Возвращение к клеткам

   По пути назад я сделал небольшой крюк и подобрал рыболовное копье Конни.
   С копьем в одной руке, мачете в другой и бритвой в носке я быстро сбежал вниз по лестницам, выскочил из особняка и, спрыгнув с крыльца веранды, понесся через лужайку, оставляя дом позади.
   С уровня земли свет костра не был виден. Слишком густые заросли на пути. Но я был убежден, что свет шел от зверинца.
   “А что, если это ловушка?” – подумал я.
   Кажется, Уэзли большой мастер устраивать их.
   Может, решил перестраховаться на случай моей победы над Тельмой. Или даже наблюдал за нами и знал, что я с ней разделался.
   И догадался, кто на очереди.
   Это как раз его стиль – он мог разжечь костер для приманки. Но сам будет не у костра, а где-то поблизости, в засаде.
   Под влиянием этих мыслей я изменил курс и вместо того, чтобы бежать прямиком к клеткам, отклонился влево и метнулся в дальний конец лужайки, где и вошел в джунгли. Забредя довольно глубоко, я повернул вправо и пошел в обратном направлении.
   Времени было в обрез. Если Уэзли пошел к клеткам не для того, чтобы устроить мне засаду, его нужно было остановить, и не мешкая. Да и особой нужды в тишине не было. На фоне всех этих обычных лесных шумов он вряд ли услышал бы, как я продираюсь через кусты. По крайней мере, не до того момента, когда я подберусь к нему достаточно близко.
   На некотором расстоянии и чуть вправо показался свет, и я стал двигаться немного медленнее. Он мерцал на какой-то странной высоте, высвечивая листья и ветви на уровне примерно десяти или пятнадцати футов над землей.

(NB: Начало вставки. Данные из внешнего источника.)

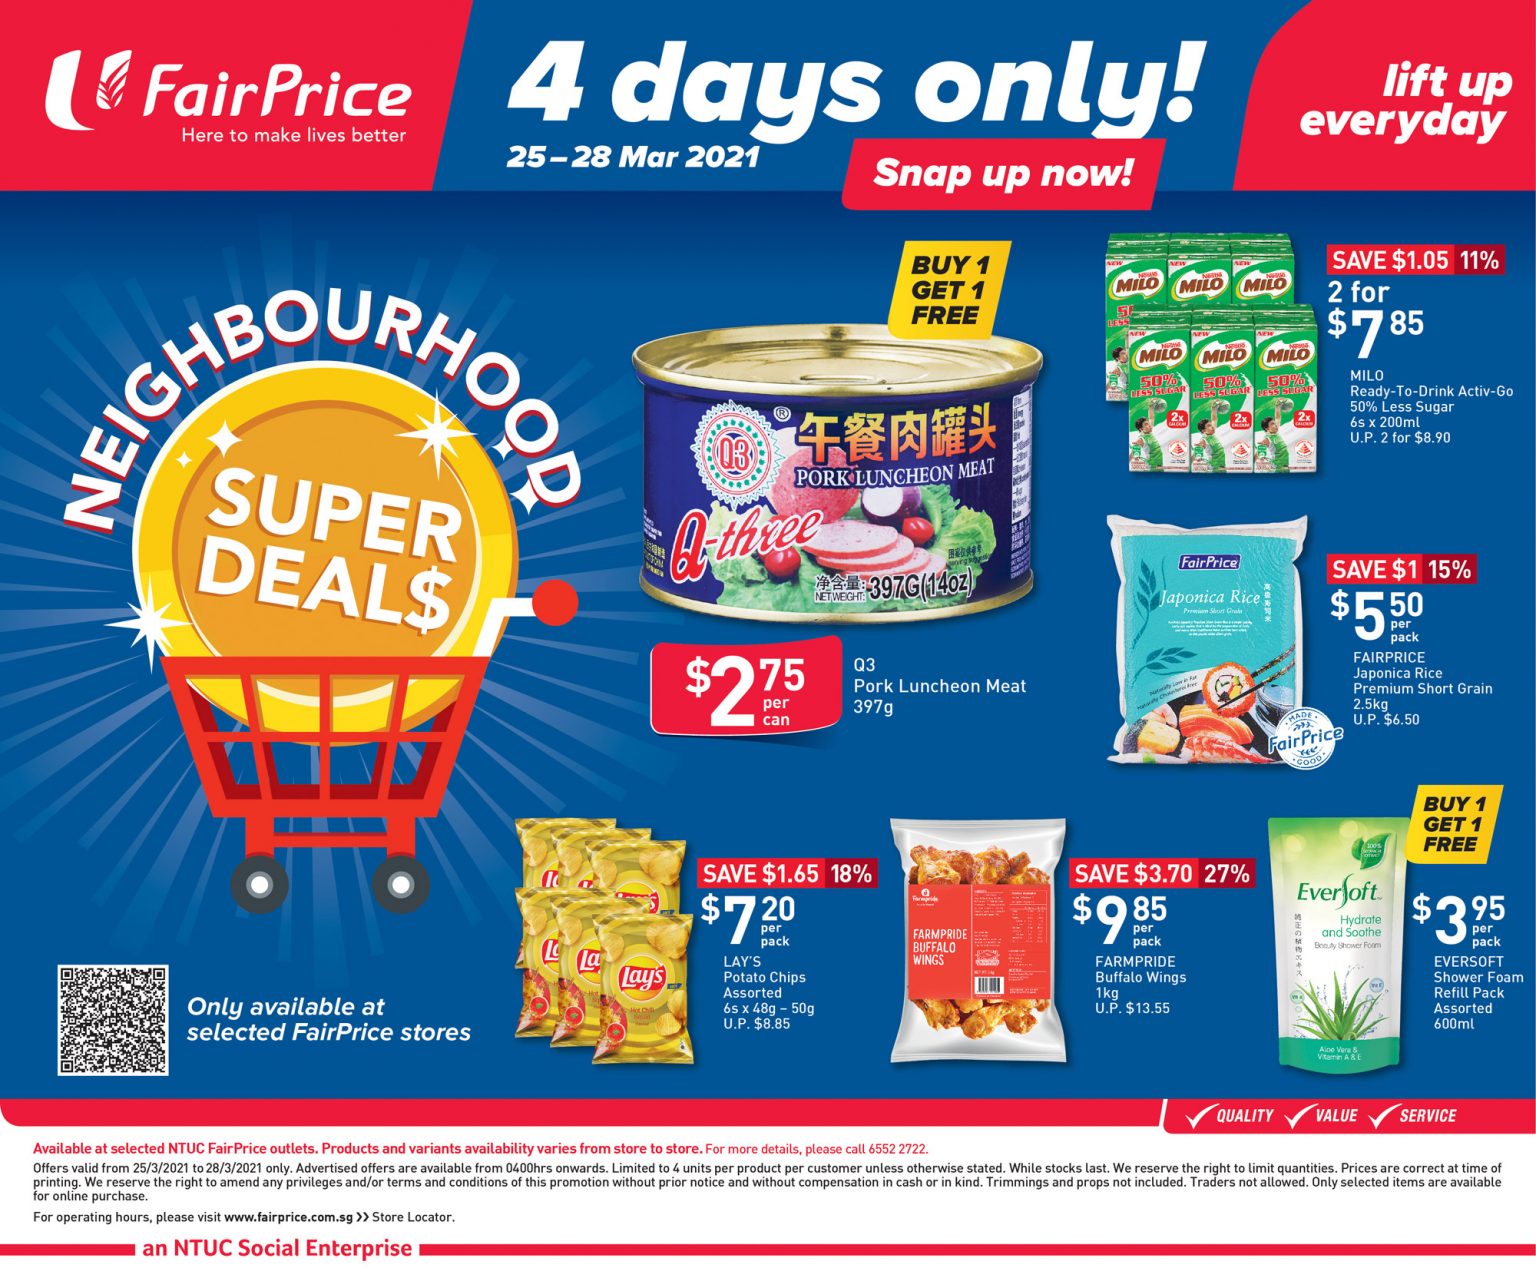 FairPrice 4-day only deals till 28 March 2021

   Я не мог припомнить никаких холмов вблизи зверинца. Неужели Уэзли влез на дерево и закрепил в ветвях пылающий факел?
   Напомнив себе, что, вероятнее всего, возле факела его не было, я пригнулся пониже и стал подкрадываться. Все это время я прислушивался в надежде услышать чей-либо голос, но не услышал.
   Мне казалось, что в любой момент на меня набросится Уэзли.
   Последний раз, когда я его видел, в руках у него был один нож, а на поясе – ремень с пустыми ножнами. Вероятно, на другом бедре у него были другие ножны с еще одним ножом.
   Так что я должен рассчитывать на то, что он вооружен двумя охотничьими ножами.
   По меньшей мере. Невозможно было предугадать, что еще он мог прихватить с собой, отправляясь к клеткам.
   Лишь бы не топор, заклинал я.
   Топор я не видел уже со времен нашего “последнего сражения”, когда мы цепляли за него веревку. И армейский складной нож не попадался мне на глаза с тех же пор.
   Видимо, Уэзли или Тельма подобрали их.
   Армейский нож не очень меня пугал. Хотя он и был "зловеще острым, моя бритва была куда острее. И по своим размерам нож не шел ни в какое сравнение с моим мачете.
   Другое дело топор.
   Если бы Уэзли подкрался ко мне с топором... или каким-нибудь грозным оружием, о котором я даже не подозревал, таким как бензопила, или даже пистолет...
   Нет у него пистолета, успокаивал я себя. Если бы он нашел какое-нибудь огнестрельное оружие, то давно бы уже пользовался им.
   Вероятно.
   Но одному Богу известно, какое еще оружие он мог найти, если заглянул в те сараи за домом... Семья, которая держит механическую газонокосилку, вполне могла иметь в широком ассортименте опасные инструменты: бензопилу, косу, секатор, кирку, молот.
   Впрочем, большинство из них вряд ли были хуже топора. А топор не мог пропасть бесследно. Оставалось лишь надеяться, что он не в руках Уэзли.
   Я хорошо разглядел, во что он превратил голову Эндрю.
   В общем, топор пугал меня по-настоящему.
   Он страшил меня до оторопи вплоть до того самого момента, когда я обнаружил, что было у Уэзли на самом деле.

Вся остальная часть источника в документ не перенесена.